Characterization of the velocity fields generated by flow initialization in the CFD simulation of multiphase flows

Recent improvements in numerical algorithms for Eulerian-based CFD simulations of multiphase flows can now recover the exact balance between the pressure and surface tension terms within the momentum equation. This has led to the minimization of the so called “spurious velocities”: unphysical flows appearing at interfaces when using implementations of the Continuum Surface Force technique to model surface tension forces. Nevertheless, non-null velocity fields are still observed in the proximity of interfaces despite the absence of external forces, and it will be shown here that they can still considerably influence the accuracy of two-phase flow simulations. This study demonstrates that the evolution of these velocity fields is due to the generation of a capillary wave at the beginning of the simulation. This arises from the inability of the surface tension algorithm to evaluate a constant interface curvature from the initial color function field, although this is obtained by mapping an exact circumference on the computational grid, which then generates an initial perturbation that evolves as a capillary wave. A linear stability analysis of a two-dimensional circular static droplet subjected to initial small amplitude perturbations is here developed and compared with the results of CFD simulations to corroborate this thesis.

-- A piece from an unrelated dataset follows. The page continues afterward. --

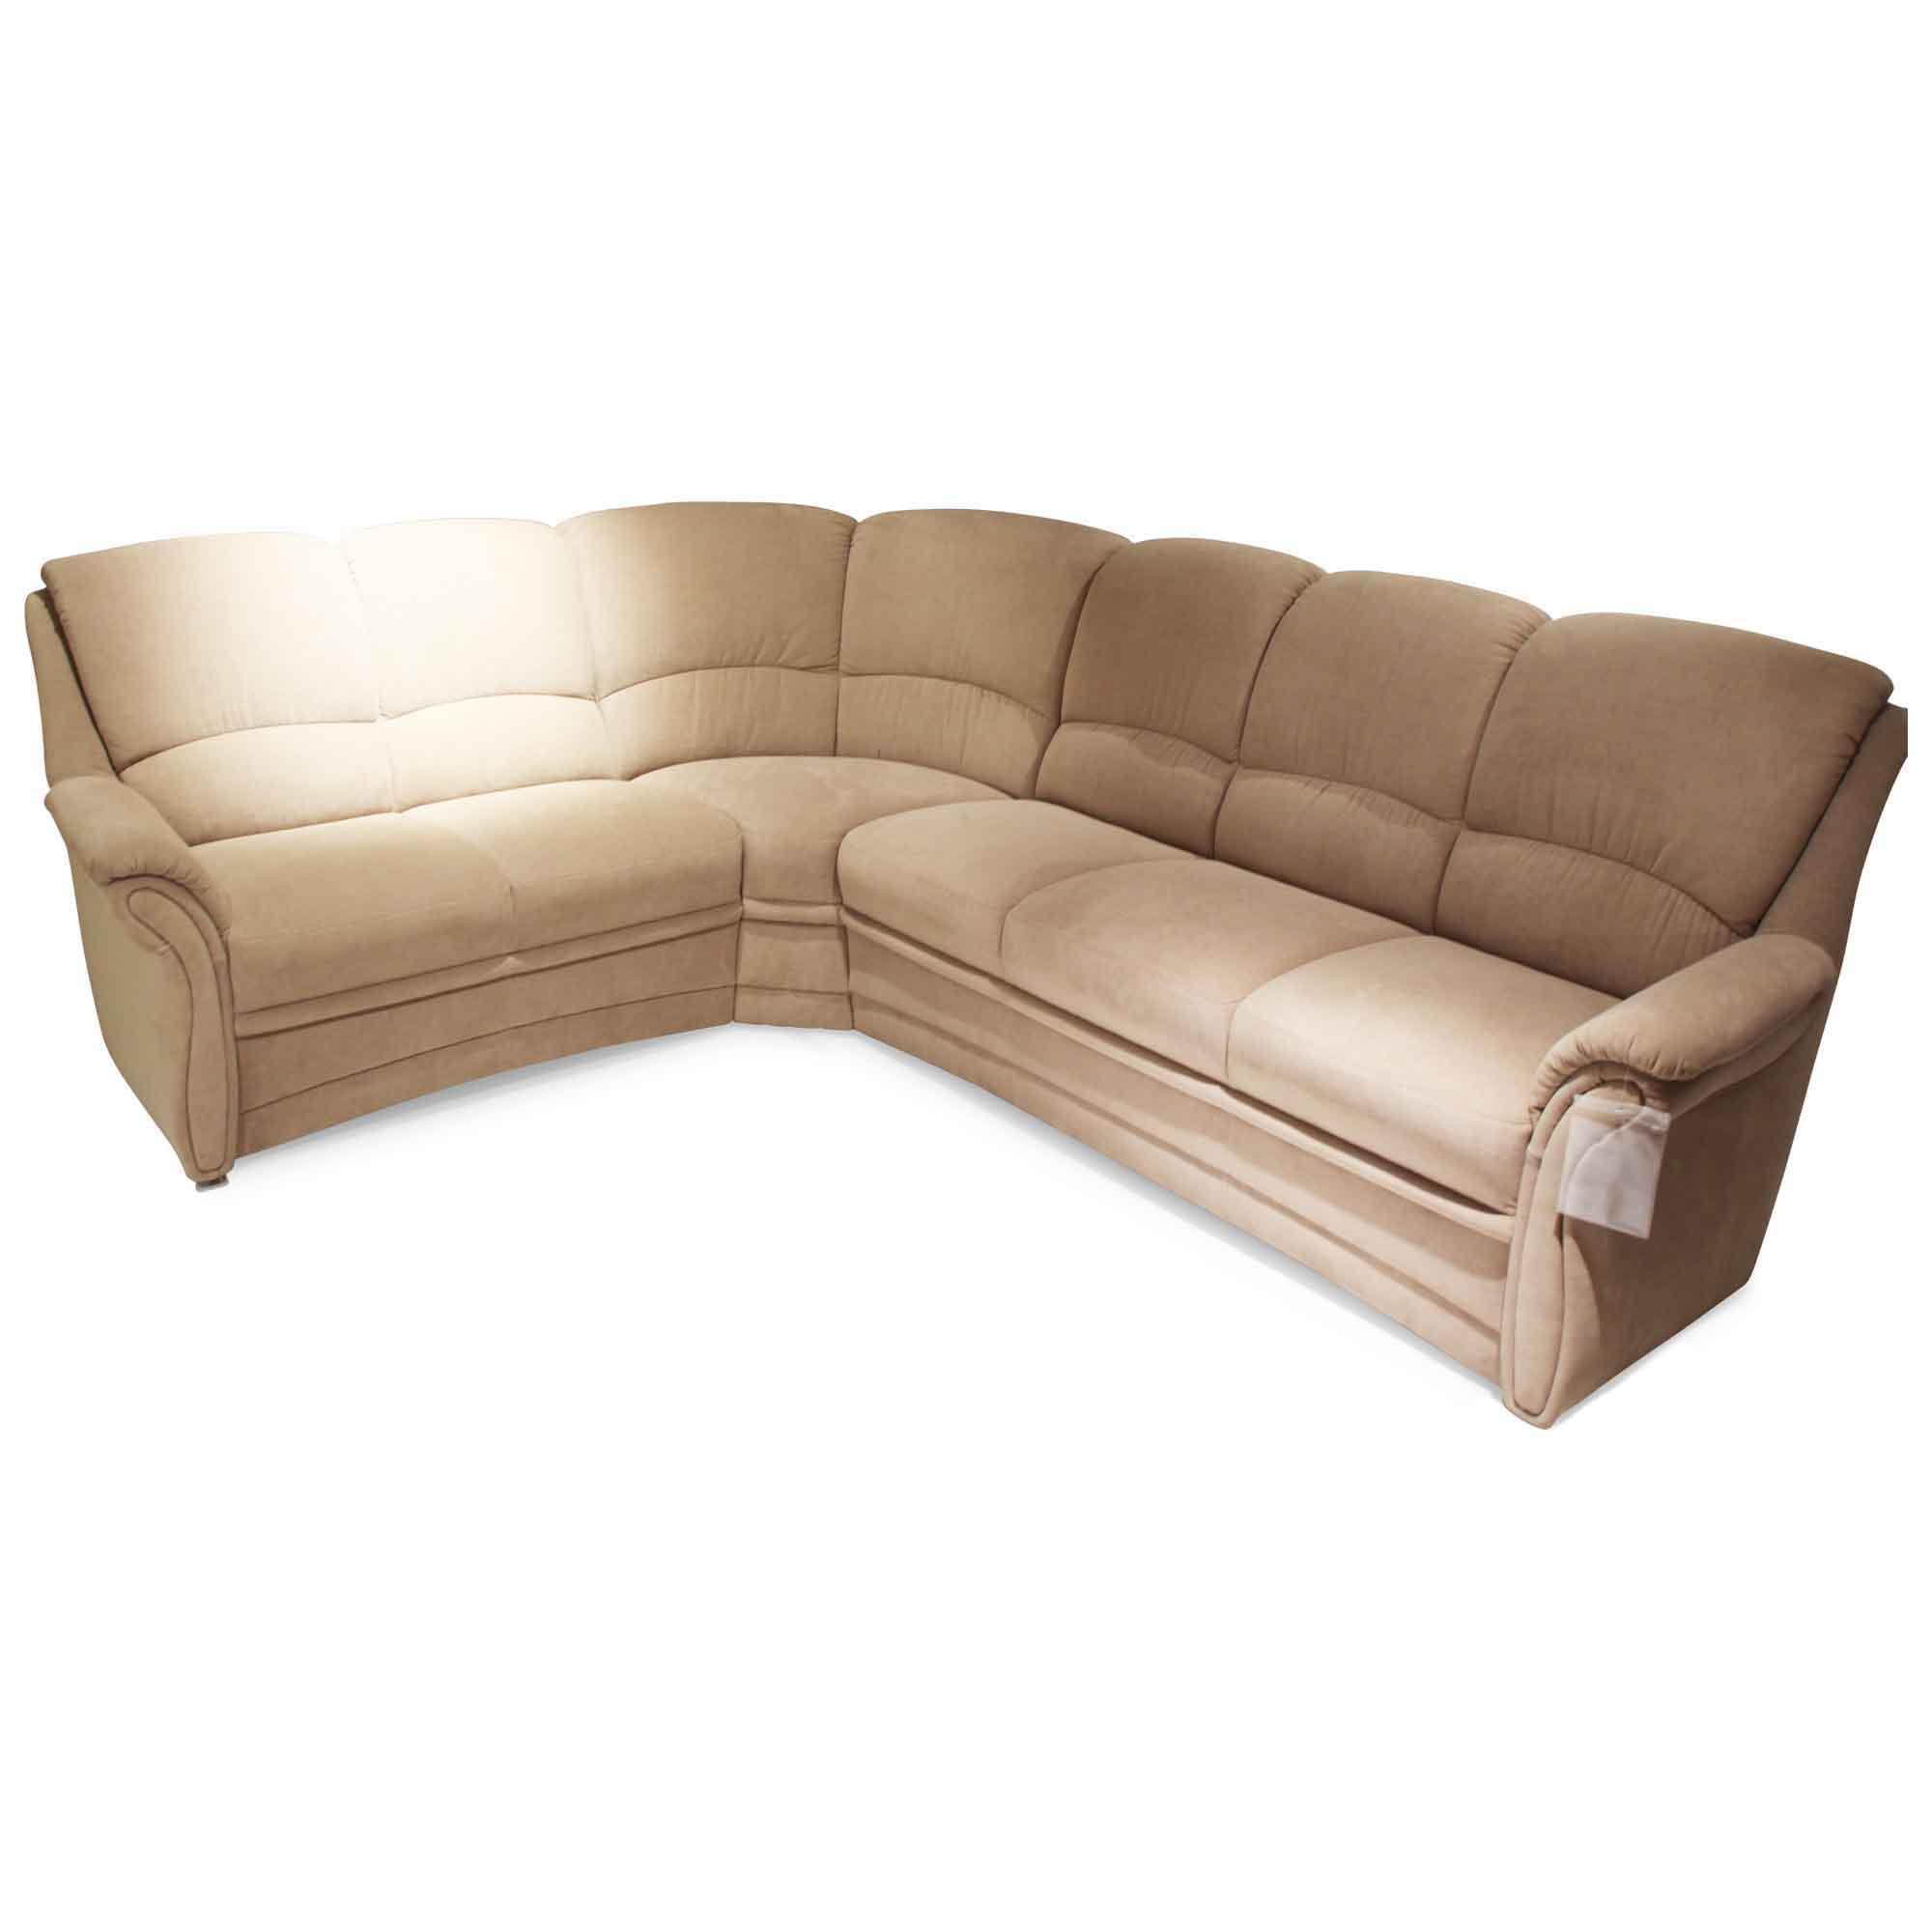 ecksofa linea arco sofas g nstig kaufen m belfirst. Black Bedroom Furniture Sets. Home Design Ideas

This methodology provides a novel insight on the nature and behavior of spurious currents and their influential parameters, and it yields results which are not only in line with previous observations but also unify some contrasting trends reported in the literature. It is observed that the velocity magnitude induced by the capillary wave scales with the surface tension coefficient and the inverse of the fluid density and droplet radius. Furthermore, it decreases when refining the computational mesh only if the interface curvature estimations converge to the exact value, while otherwise showing the opposite trend.